I sit here, wanting to write something, wanting to spend my time writing something for other people to see on my blog. But I have no clue what to write about. I struggle for ideas because I feel like I don’t really have something to offer. This blog is just an extension of my brain, but I don’t know if anyone actually wants to read it.
School started a couple week ago for me, and my brother went back today. I haven’t actually been on campus for over a week now because of the way my schedule is currently, but that’s changing tomorrow.
So I started working on this post earlier, and I had some idea of where I was going with it, but now I’ve got no clue. And there’s something else that I want to write about now anyway.

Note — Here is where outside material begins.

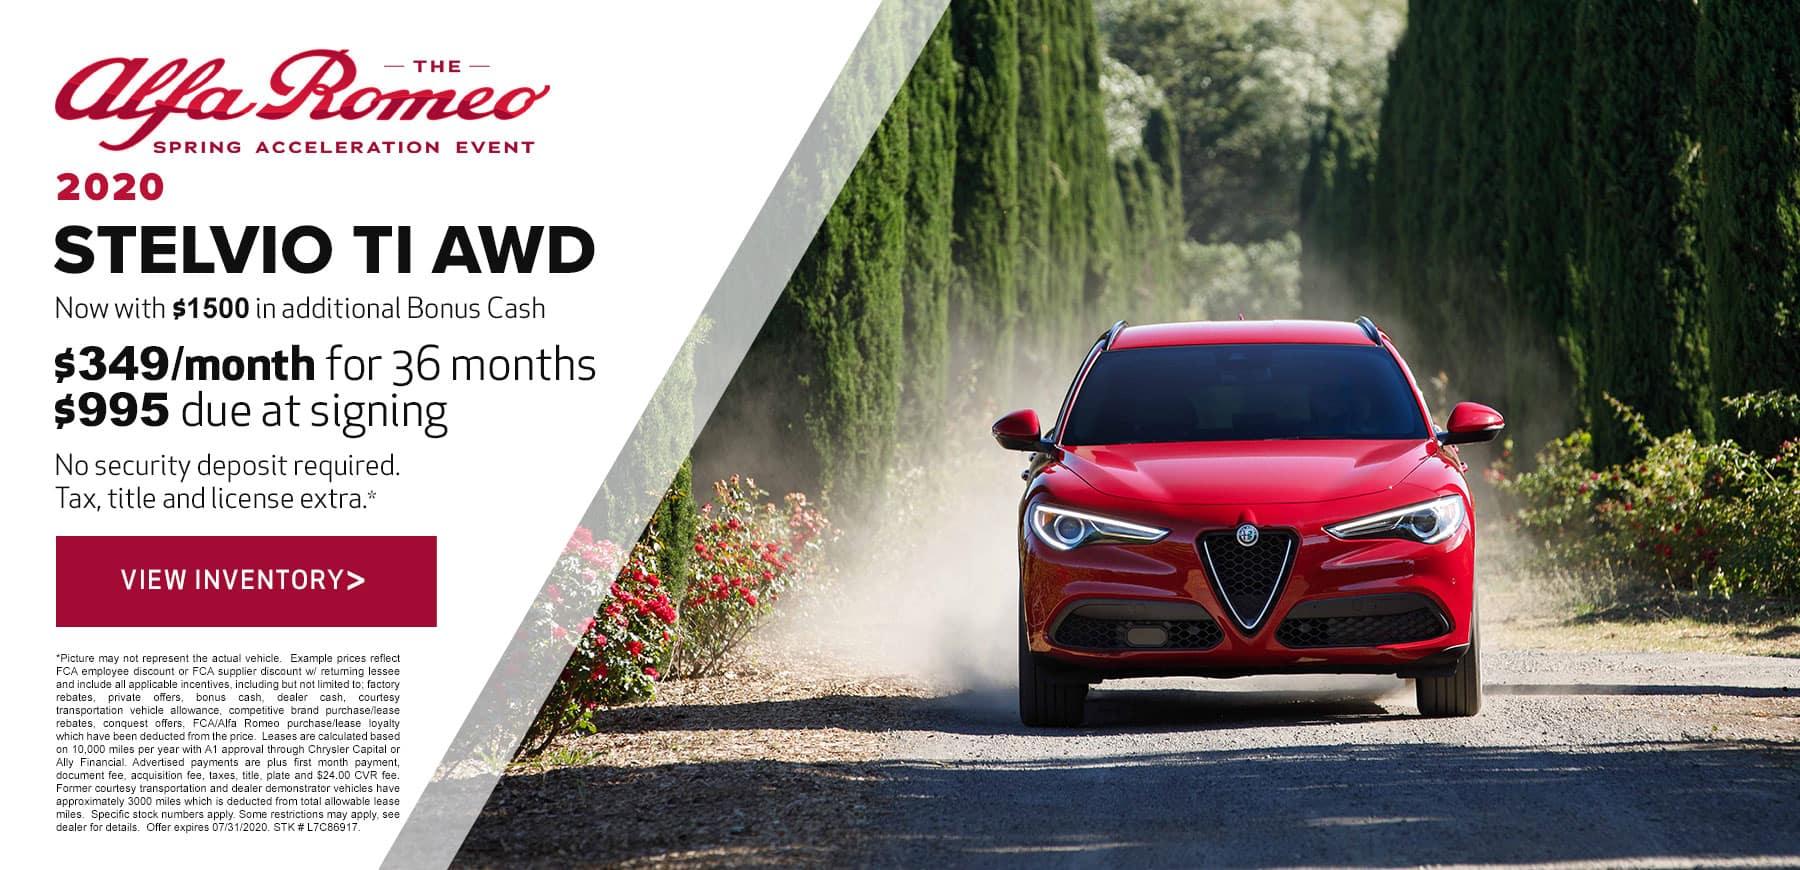 Genesis Alfa Romeo July 2020 Stelvio Lease Offer

I was talking about something with a friend the other day, and I got to the point that I didn’t know what to say and I felt awful so I just stopped responding. But before I did that, I told them that I didn’t know how to be human. I found out later that they didn’t want me to go, but they didn’t know what to say to make me stay either. At this point I know I can’t change what happened, but I just wish they’d at least tried cause I feel like they just gave up. And something would’ve been better than nothing. They would’ve at least been able to say that they tried.
I realize that, you know, I’m not always the easiest person to deal with but if you make no effort to get me to stay, how can you expect me to know what you want?

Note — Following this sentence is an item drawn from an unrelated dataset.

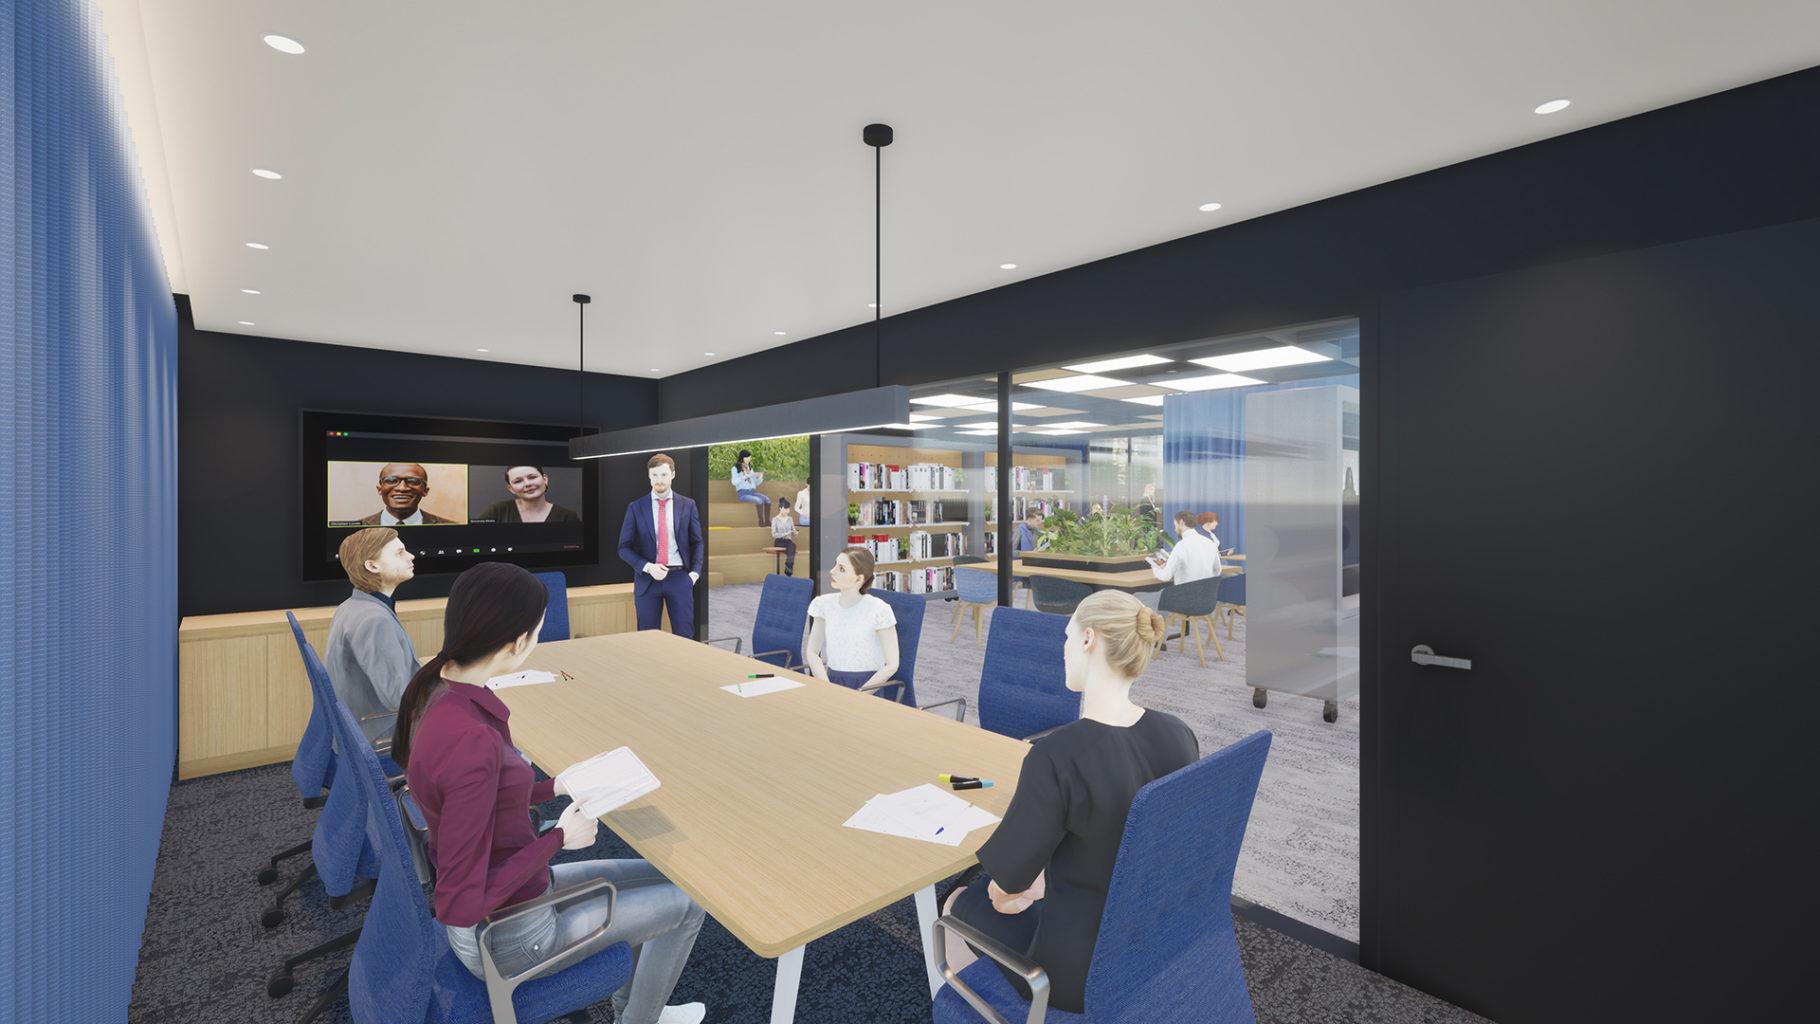 WEB会議用のデバイスを備え、遮音対策も施されたボードルーム(サテライトオフィス)

The problem is, that, when things like that happen, I can’t just flip a switch and fix everything. My brain chemistry doesn’t work like that. I don’t know of anyone whose does.
Honestly, I cry when I get frustrated/upset. I can’t help it. It just kinda happens. I know I need to learn how to deal with confrontations – even though that really wasn’t one – but it’s something that’s much easier said than done.
Another thing I need to work on is not being so, frustrated, I guess, when people don’t respond back to me in the time I want them to. I know they’re busy. I know they have other things that they’re doing. But somehow I still manage to let it get under my skin that they’re “taking too long”. It’s stupid I know.